═══ AVAILABLE DATA

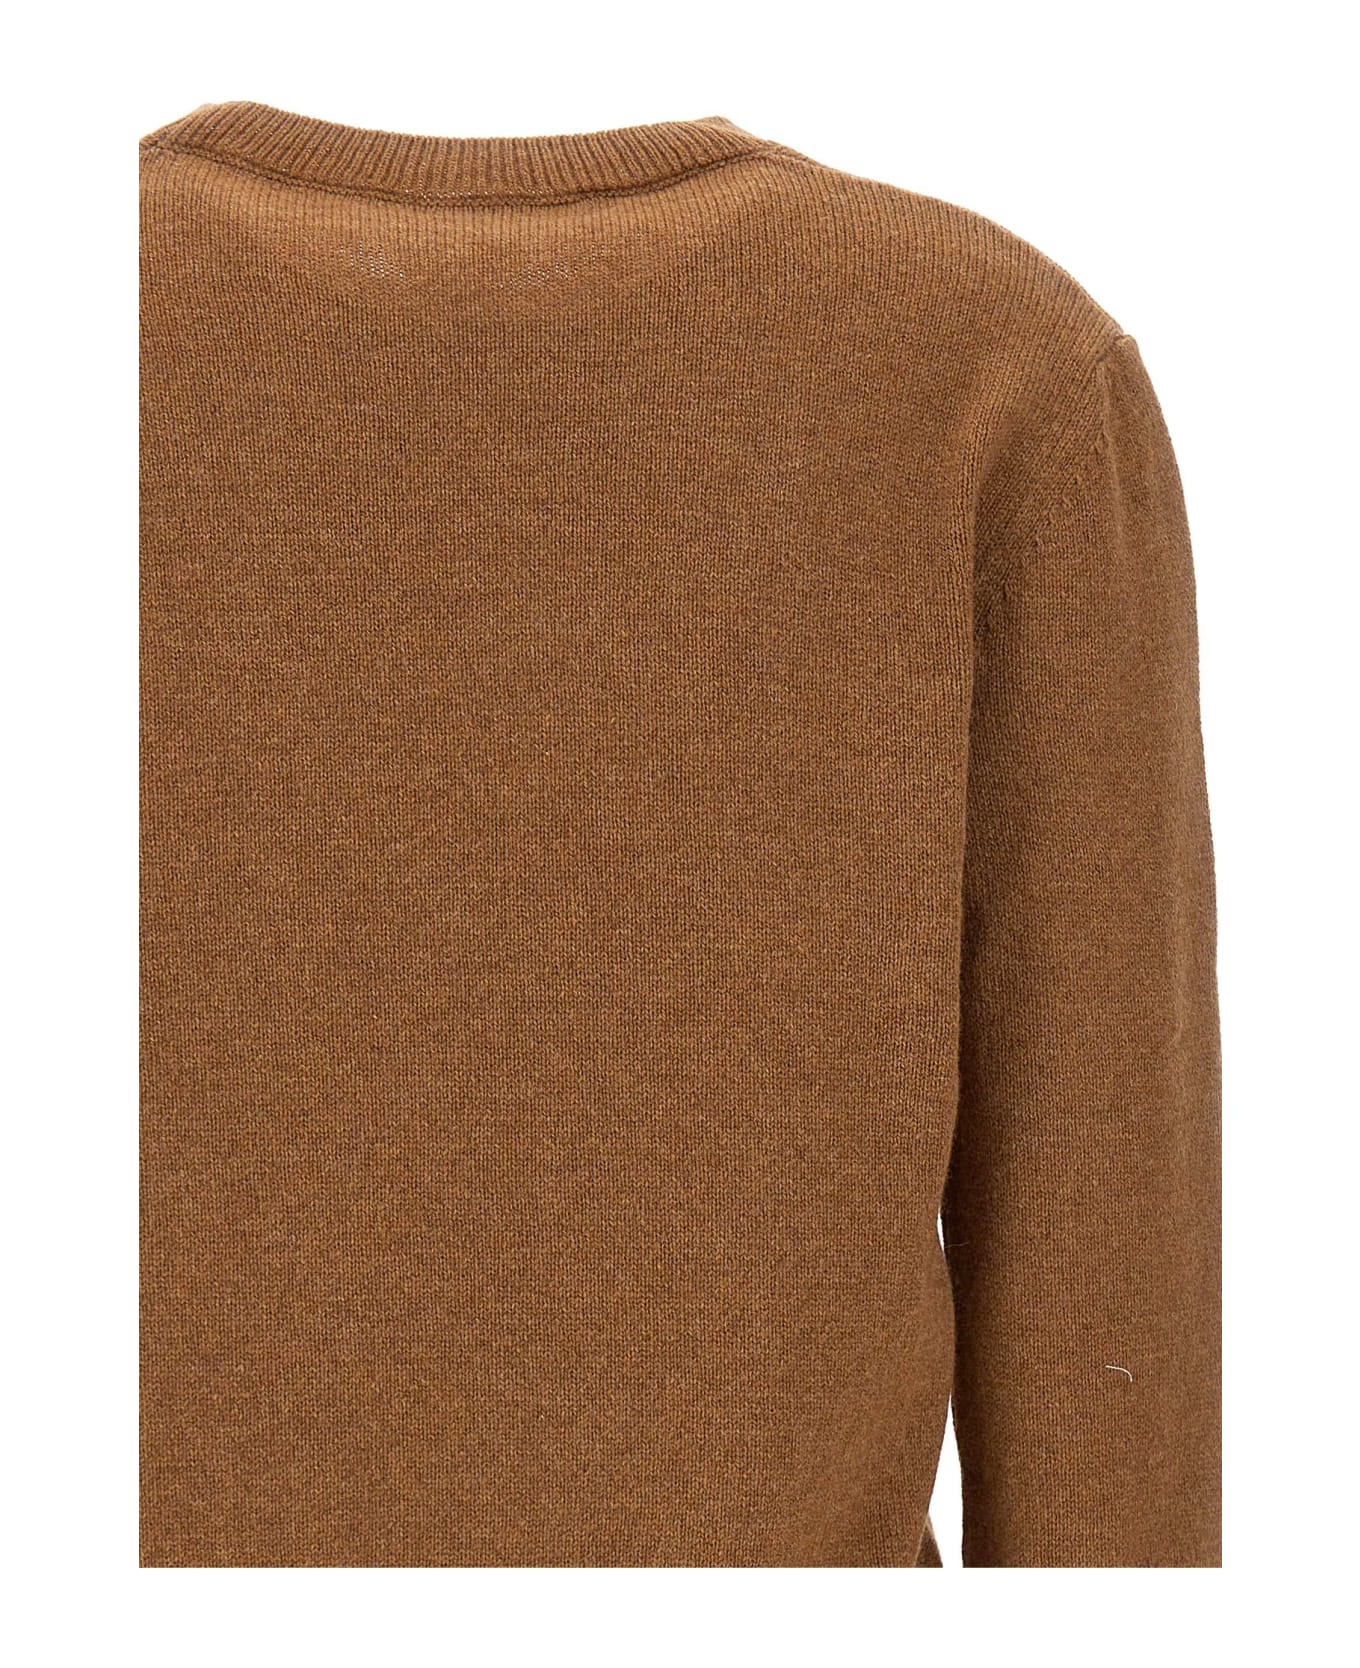 A.P.C. Merino Wool Pullover - BROWN
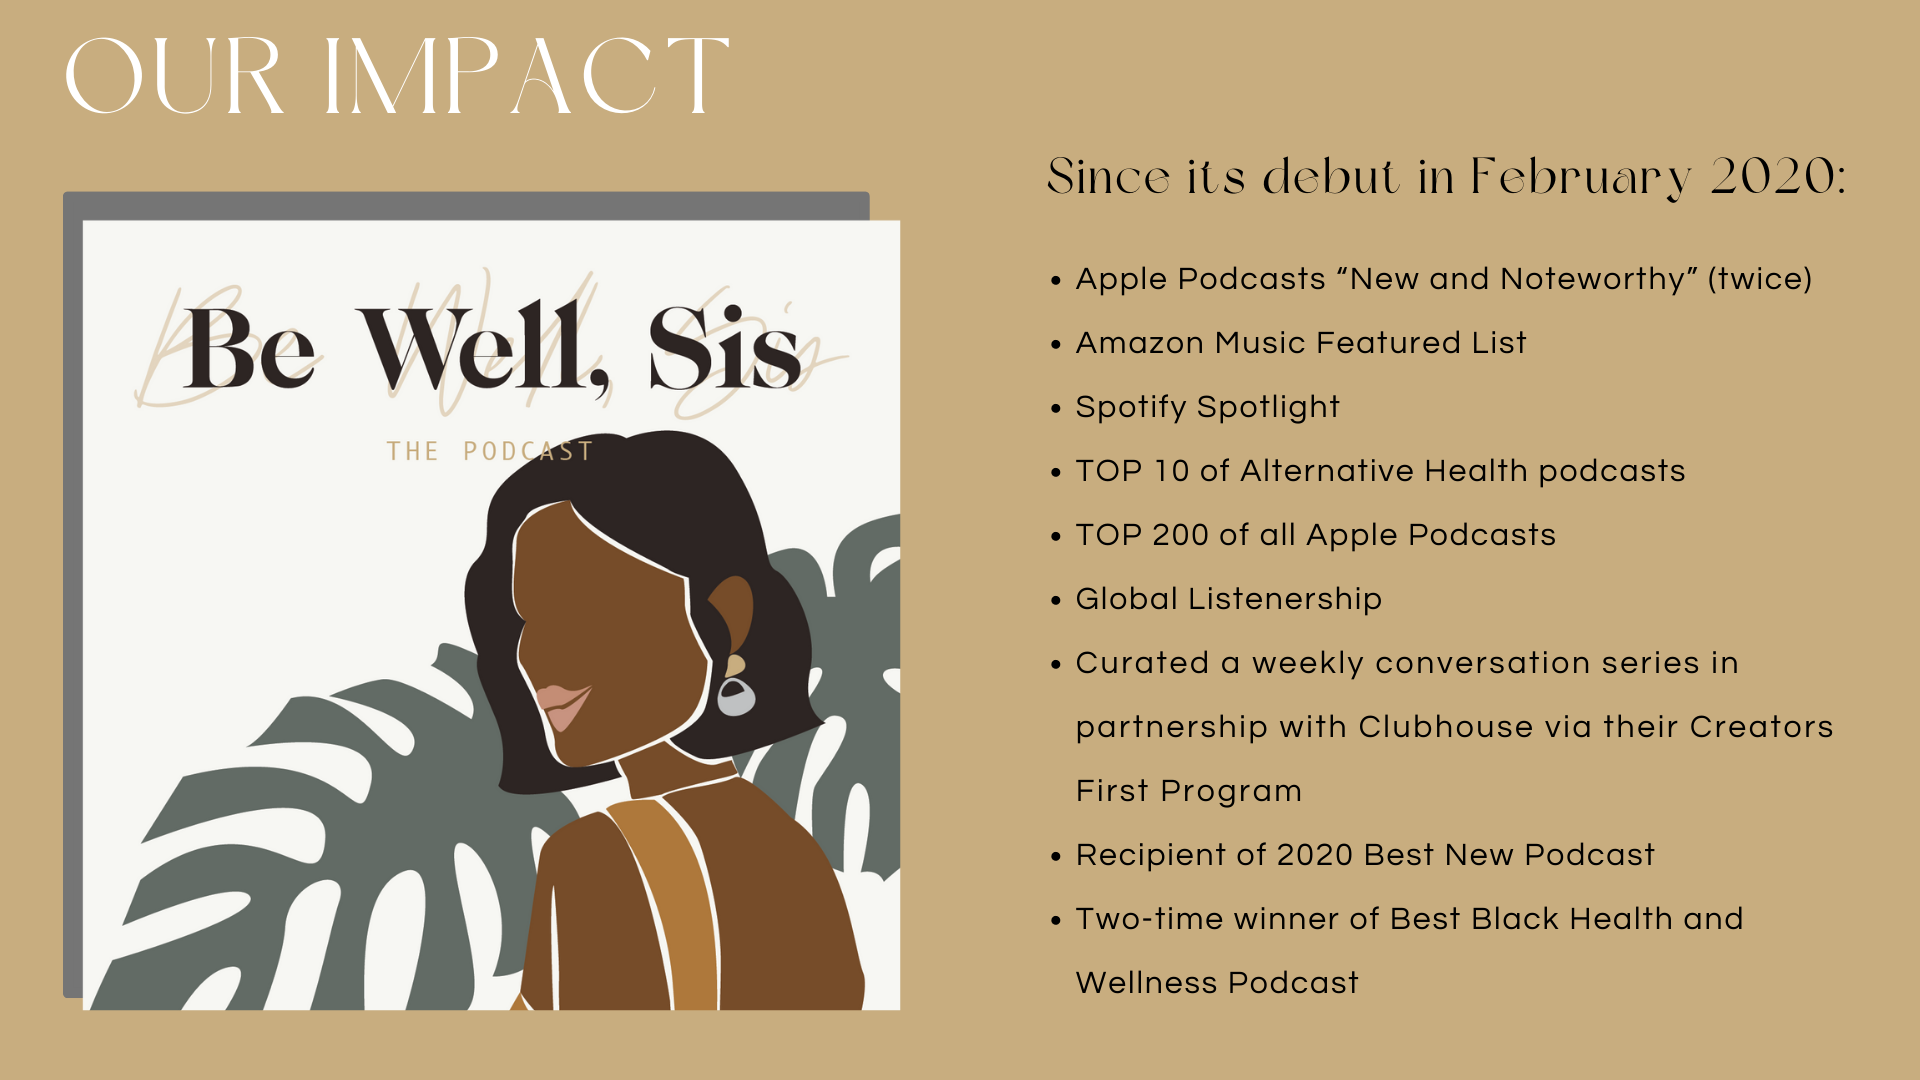 The impact of the Be Well, Sis podcast
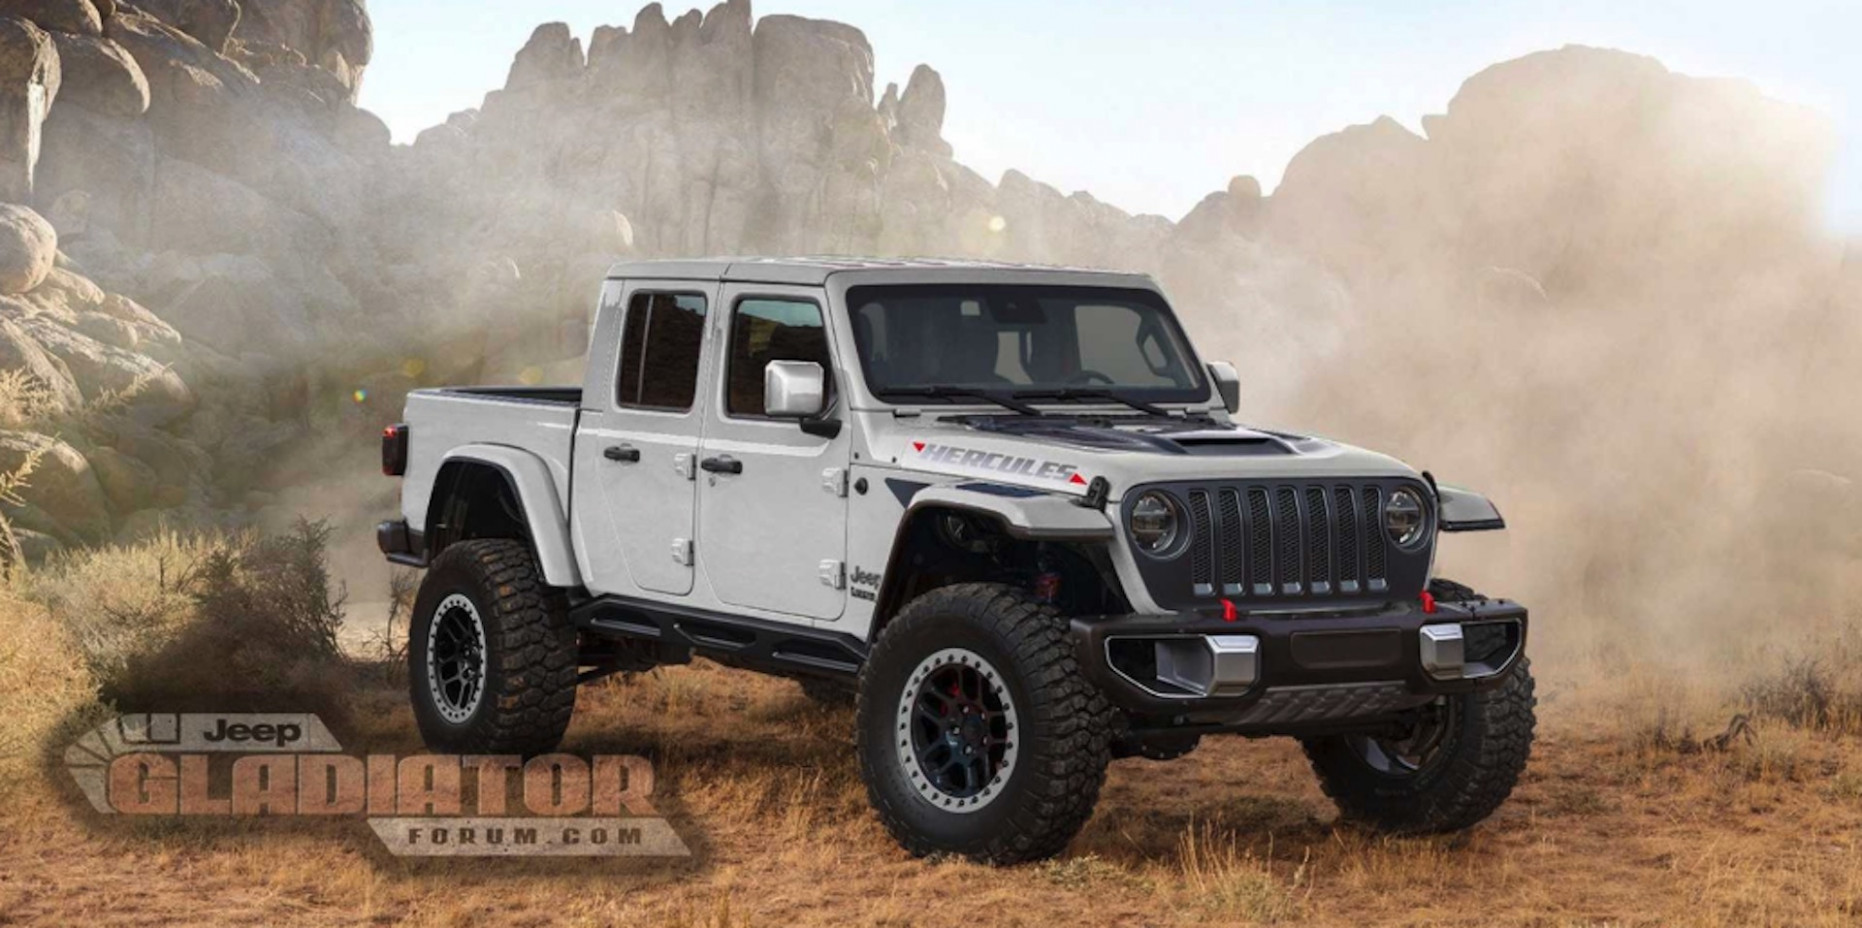 Concept When Does The 2022 Jeep Gladiator Come Out

══════

PROBLEM TO SOLVE: Write out the listing again word for word, but without its pictures.

ANSWER FOR THE TASK:
 A.P.C. Merino Wool Pullover - BROWN
 The impact of the Be Well, Sis podcast
 Concept When Does The 2022 Jeep Gladiator Come Out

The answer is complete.